Note: The pxf-public.classpath file on a Greenplum Database segment host is shared by all third-party connectors running in the cluster.

Deploying to the Greenplum Database Cluster

When the Greenplum Database administrator deploys a new connector, they copy the connector JAR file and the (JAR) files of any dependencies to each Greenplum Database segment host. The administrator must also propagate any updates to the pxf-public.classpath configuration file to each segment host, and then must restart the PXF agent on each host. Only the Greenplum Database administrative user can restart the PXF agent.
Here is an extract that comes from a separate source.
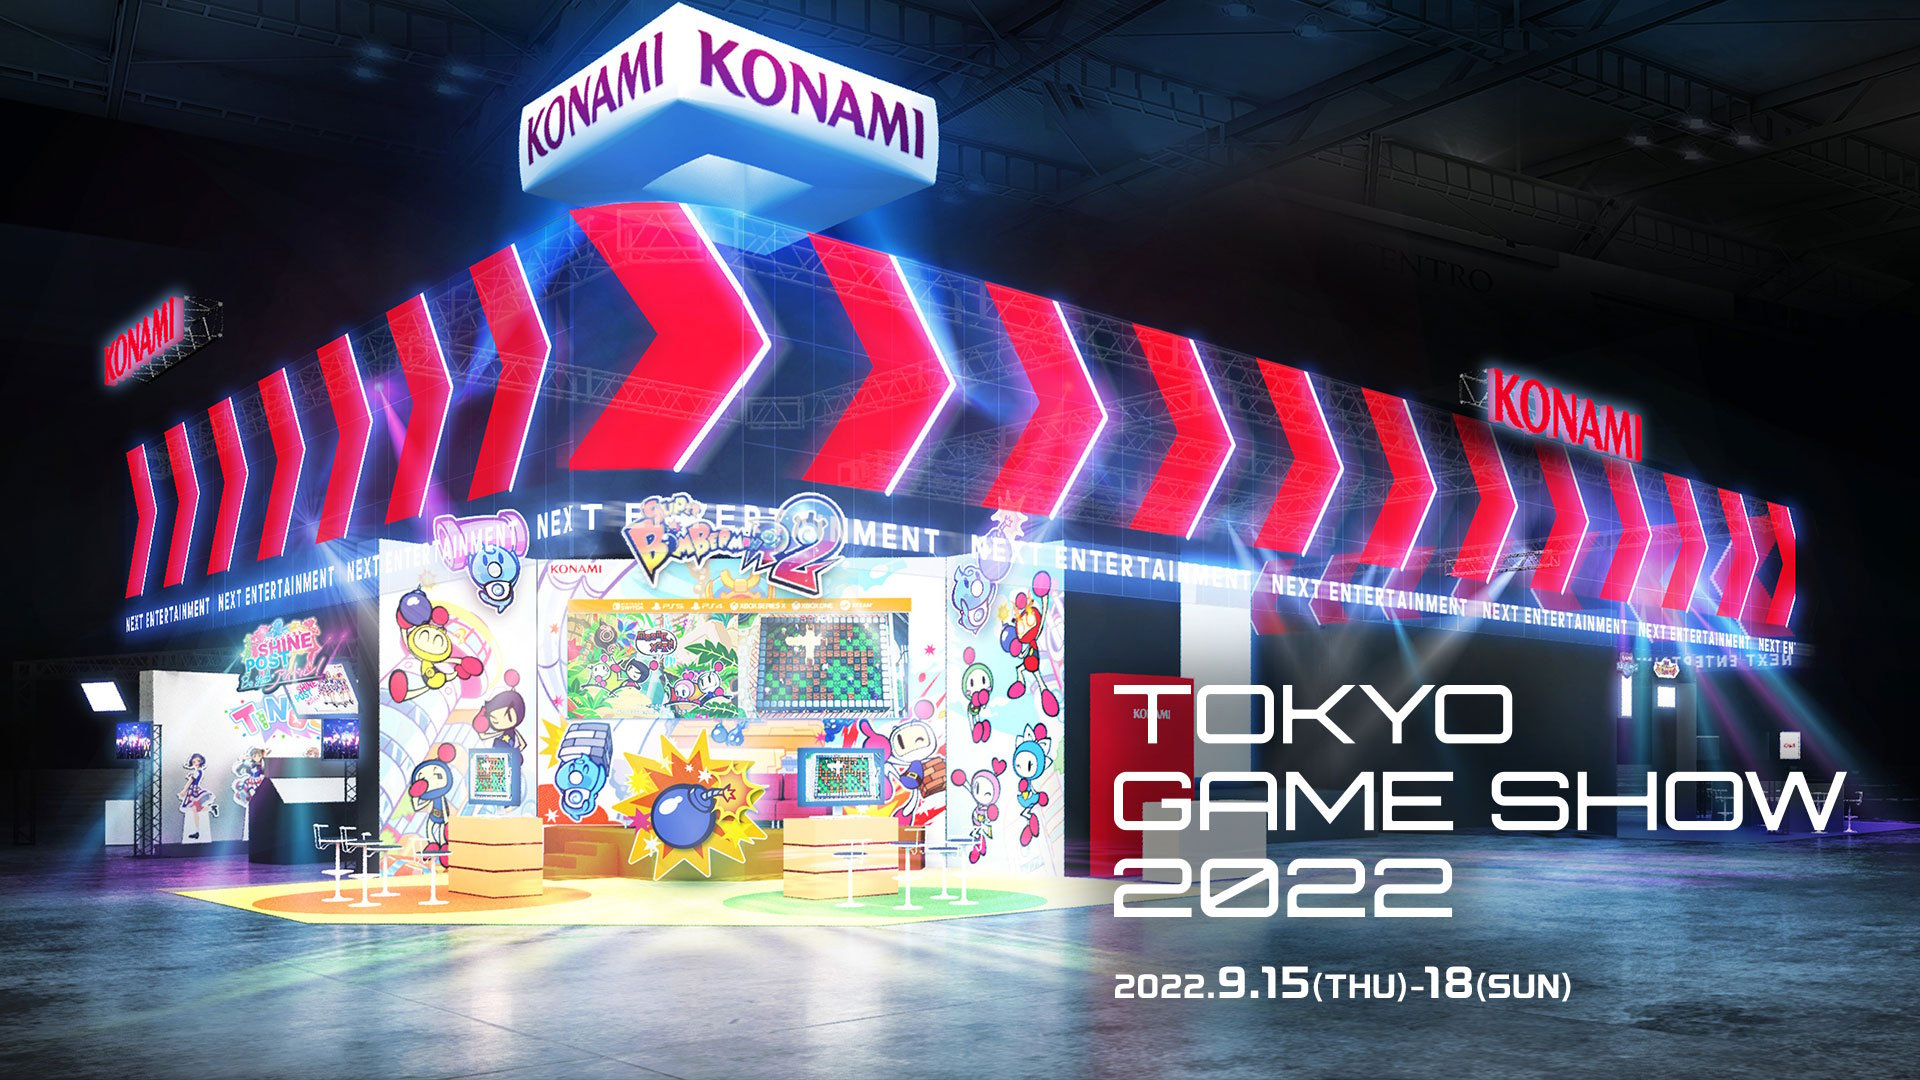 Konami는 TGS에서 “Loved Around the World” 시리즈의 새 게임을 발표할 것이라고 밝혔습니다.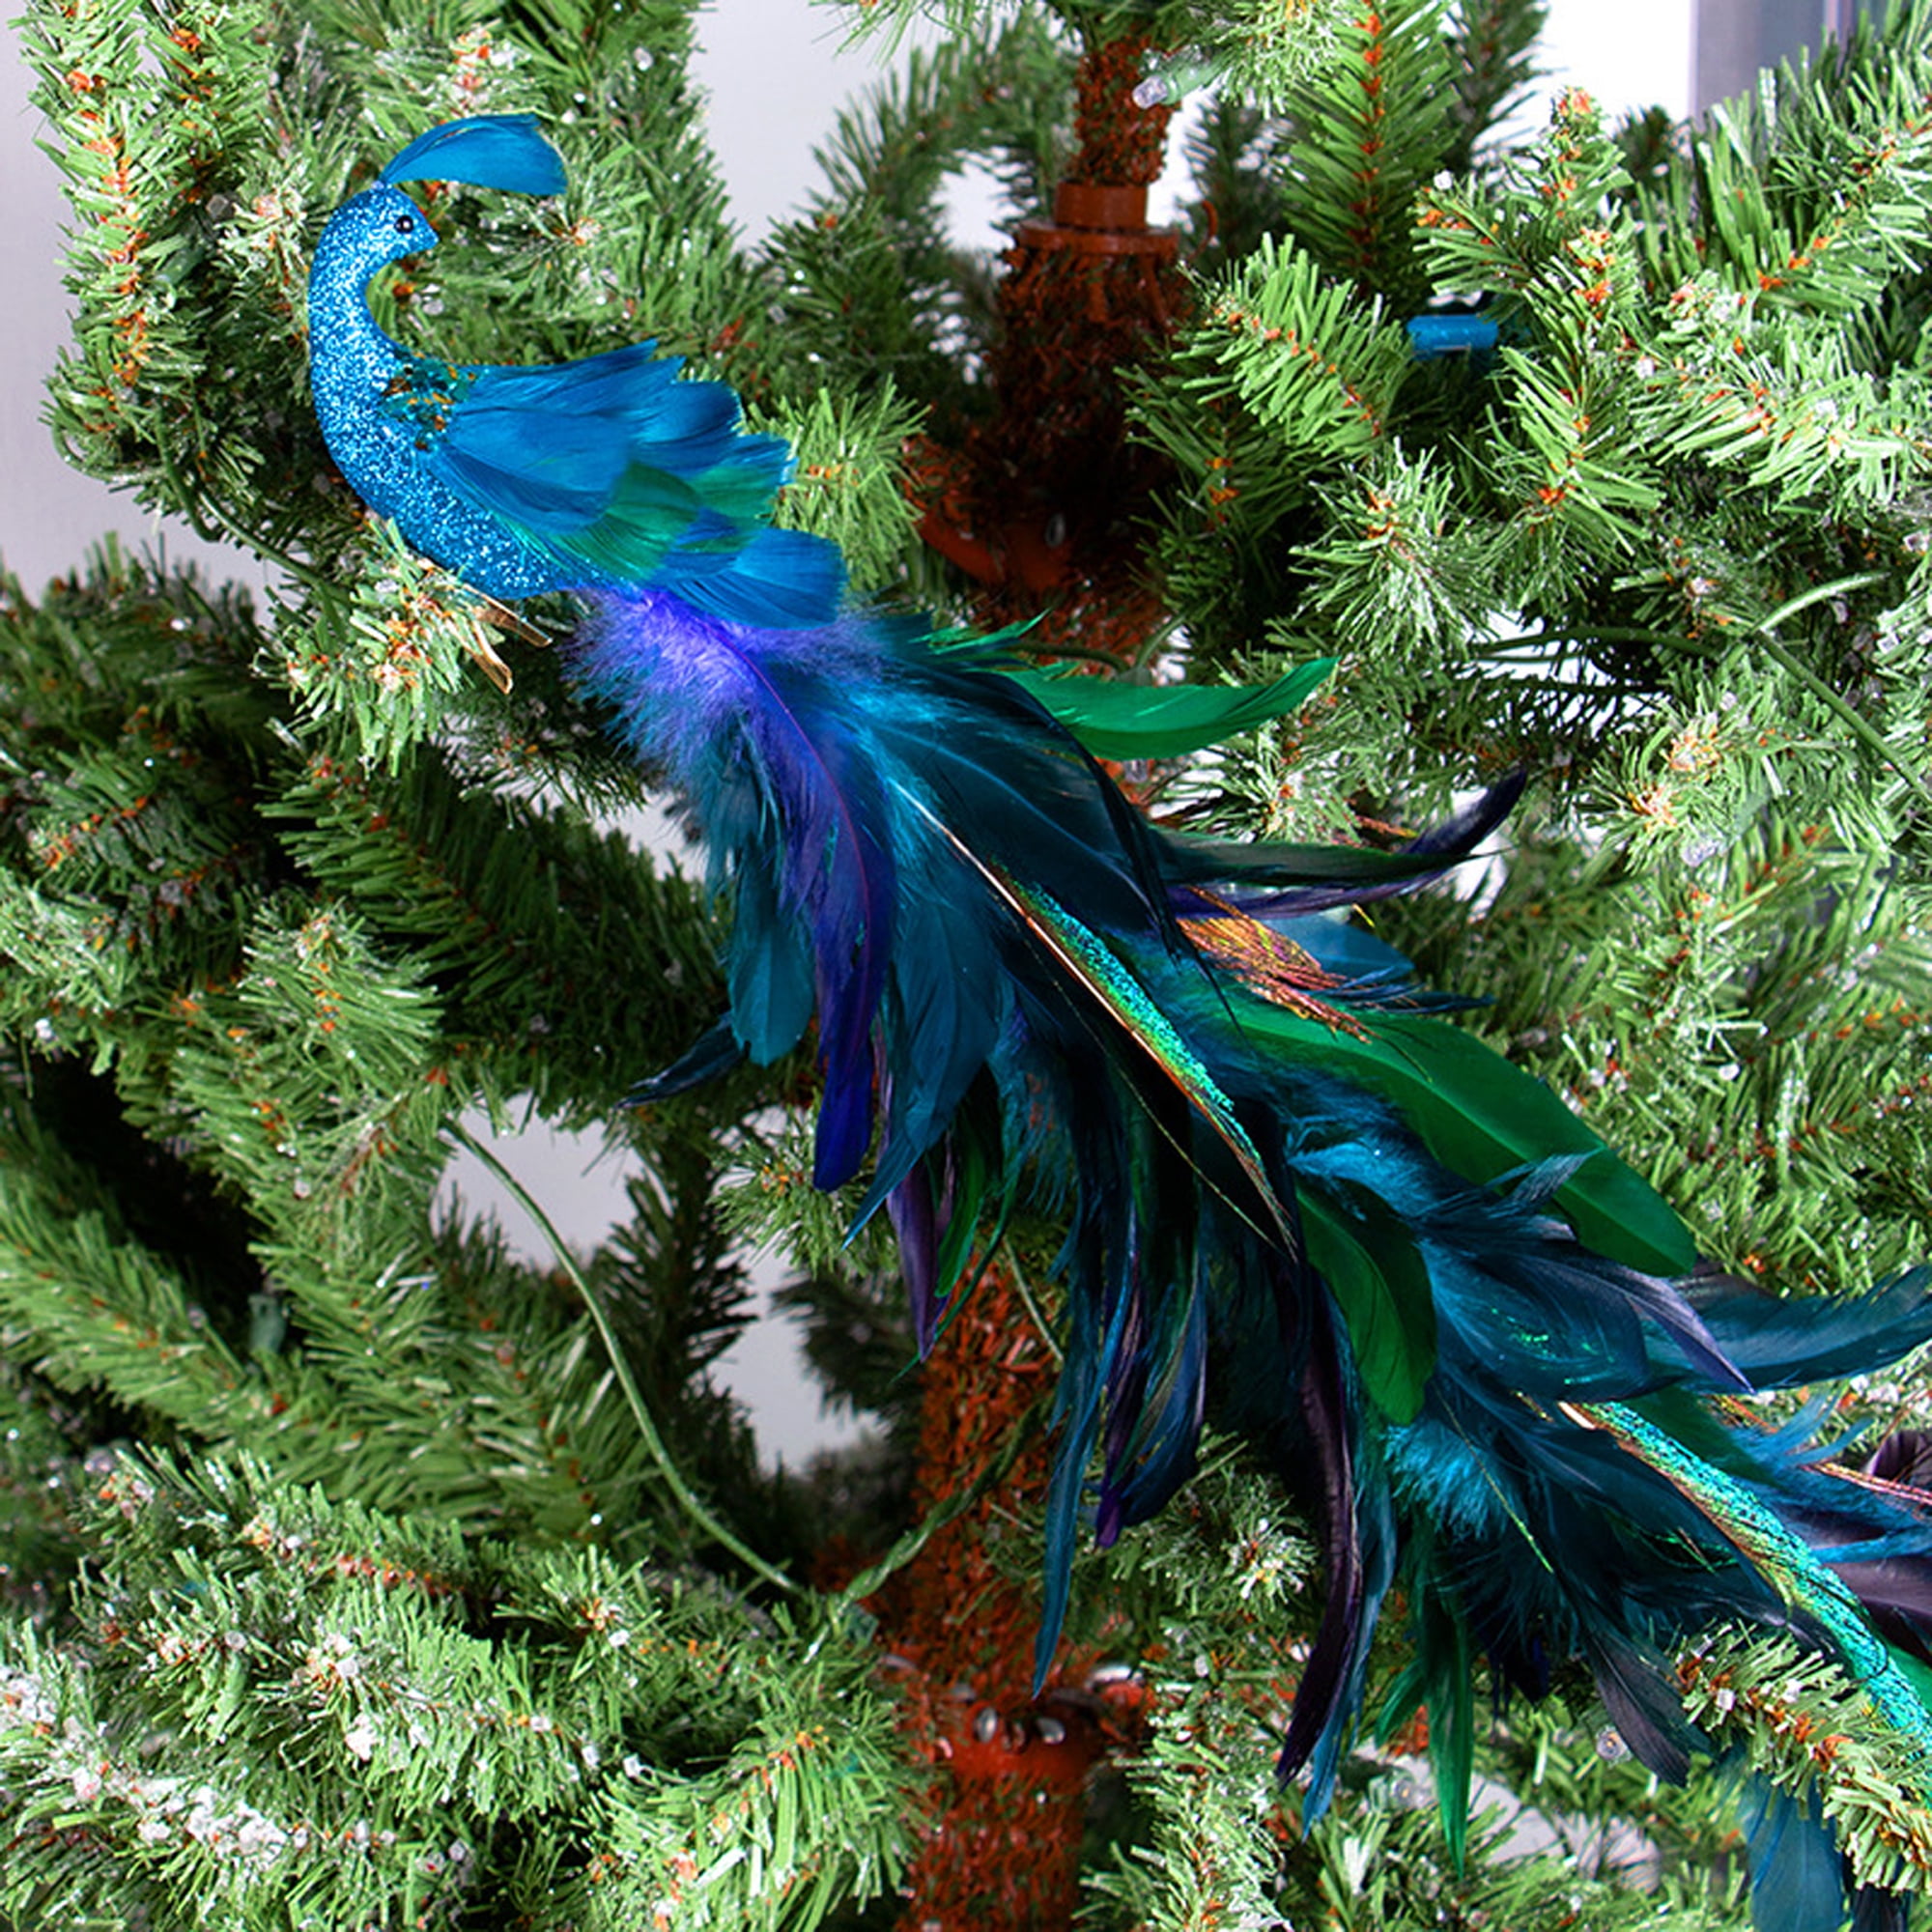 Kalindi Kunis Blue Peacock Ornament #2 by Holiday Ornaments

For example, if seghostfile contains a list, one-host-per-line, of the segment hosts in your Greenplum Database cluster, these commands deploy the connector across the cluster:

gpadmin@gpmaster$ gpscp my-connector.jar -v -f seghostfile =:/my/jar/install/dir
gpadmin@gpmaster$ gpscp connector-dependency.jar -v -seghostfile /dependency/install/dir
gpadmin@gpmaster$ gpscp -v -f seghostfile $GPHOME/pxf/conf/pxf-public.classpath =:/usr/local/greenplum-db/pxf/conf/pxf-public.classpath
gpadmin@gpmaster$ gpssh -e -v -f seghostfile "/usr/local/greenplum-db/pxf/bin/pxf restart"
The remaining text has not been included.